Same aunt, sitting in her house in the Uplands, about 4 or 5 years later maybe? I was 13 or 14 and had found a copy of a book that fascinated me – An Atlas of Plant Histology. I had discovered microscopes at the age of about 10, and loved looking at cells and bits of skin under the microscope. I remember taking a very thin slice of a radish and looking at it under a microscope at school (in the days when they had external illumination and a rotating mirror beneath the stage). But the book, like the board at Brynmill park, was a very wonder. I carried it around with me, showed it to anyone who would listen. There was so much amazing life and information at this microscopic scale. I showed it to my aunt one day (she had studied biology at the University of Wales in the 1950s and had taught biology at Ogmore Vale for many years) and she sat me down and said – if you want to be interested in botany, then learn the names and habitats of wild flowers. That’s what you do botany for.

So I did. My dad had a Collins guidebook to British wildflowers and I learnt as many as I could. It got to be a habit, fed not only by my aunt, but also by my uncle, an amateur botanist and collector, and a perfect partner for my aunt. To this day, I cannot pass a privet hedge in flower without having a look for a privet hawk moth caterpillar – bright green with diagonal pink stripes.
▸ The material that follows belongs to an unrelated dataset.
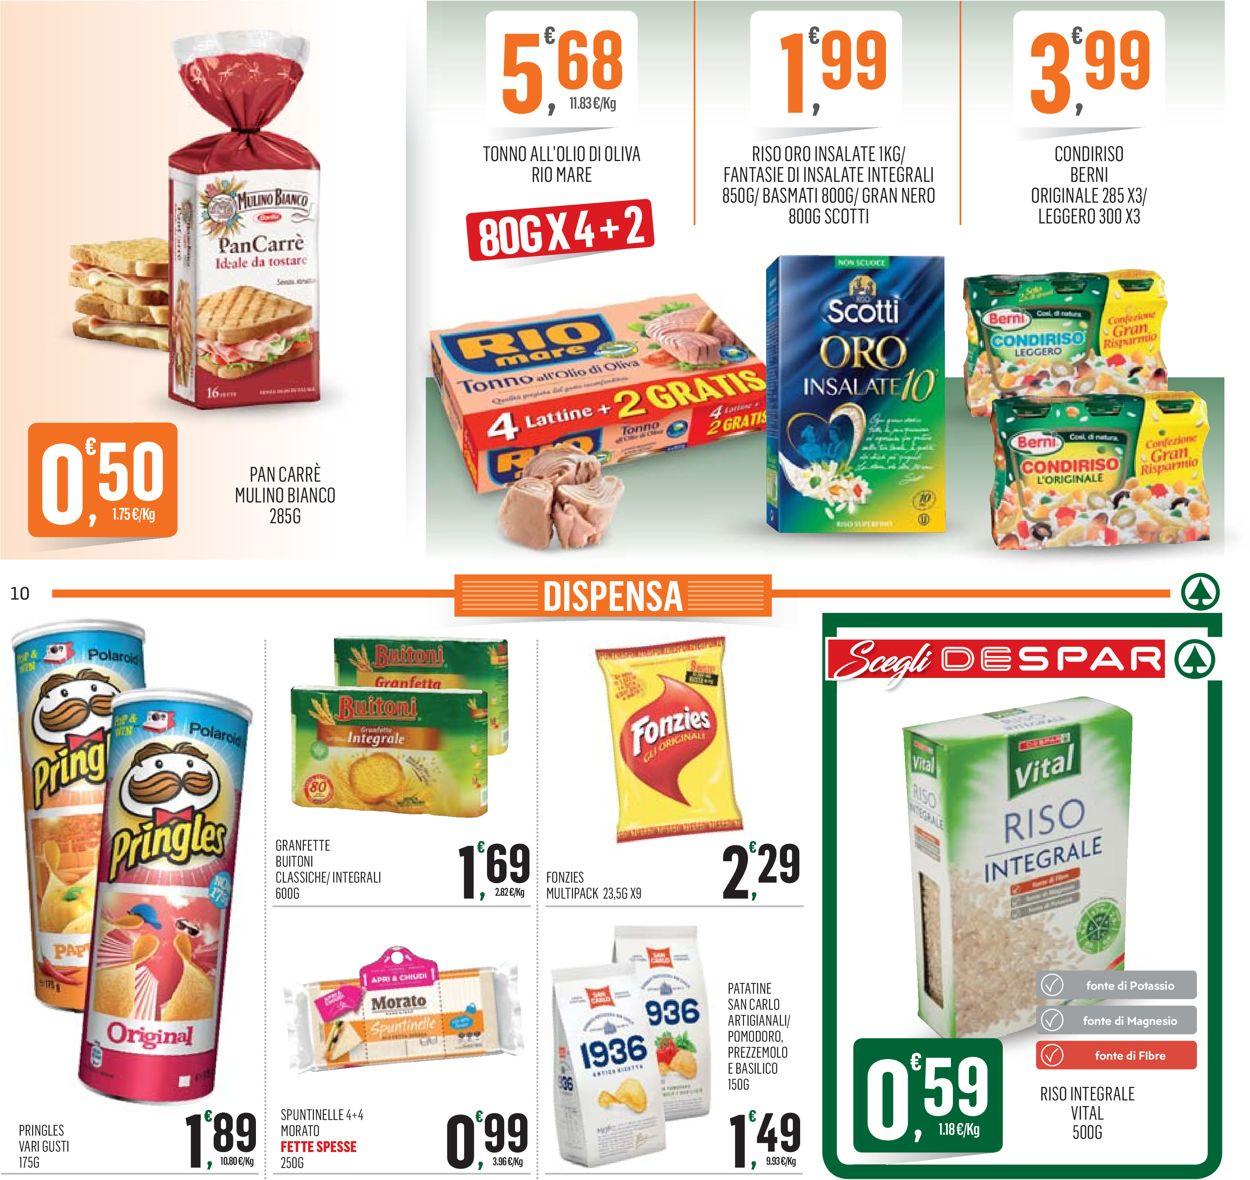 Volantino Despar - Offerte 05/08-16/08/2020 (Pagina 10)

I have not seen one for 40 years, but it doesn’t stop me looking.


Yesterday, I passed a similar explanatory board near a pond in Milton Keynes, not far from our house, and noticed that the birds it was identifying – crow, blackbird, robin, pigeon, sparrow, herring gull, Canada goose – were all so common as to hardly need identification.

And it made me wonder about this knowledge of the natural world – the common knowledge of our culture – and what we have been telling our children about it, and whether that reflected exactly what we feel about it. Plenty of young people and adults now have a concern for ‘the environment’ and we have all seen Attenborough’s series of stunning films over the last 30 years – far fewer seem to know or care about their gardens, local farms, agriculture, ecology and the wild flowers, weeds, birds, insects and reptiles that populate their immediate world. Our understanding of watersheds and natural drainage extends to whether there is enough pressure for the boiler or whether there is a hosepipe ban….. This is a cultural knowledge fast disappearing, and therefore not cared about. Those who know their local world, who can name its parts and its inhabitants, will care for it.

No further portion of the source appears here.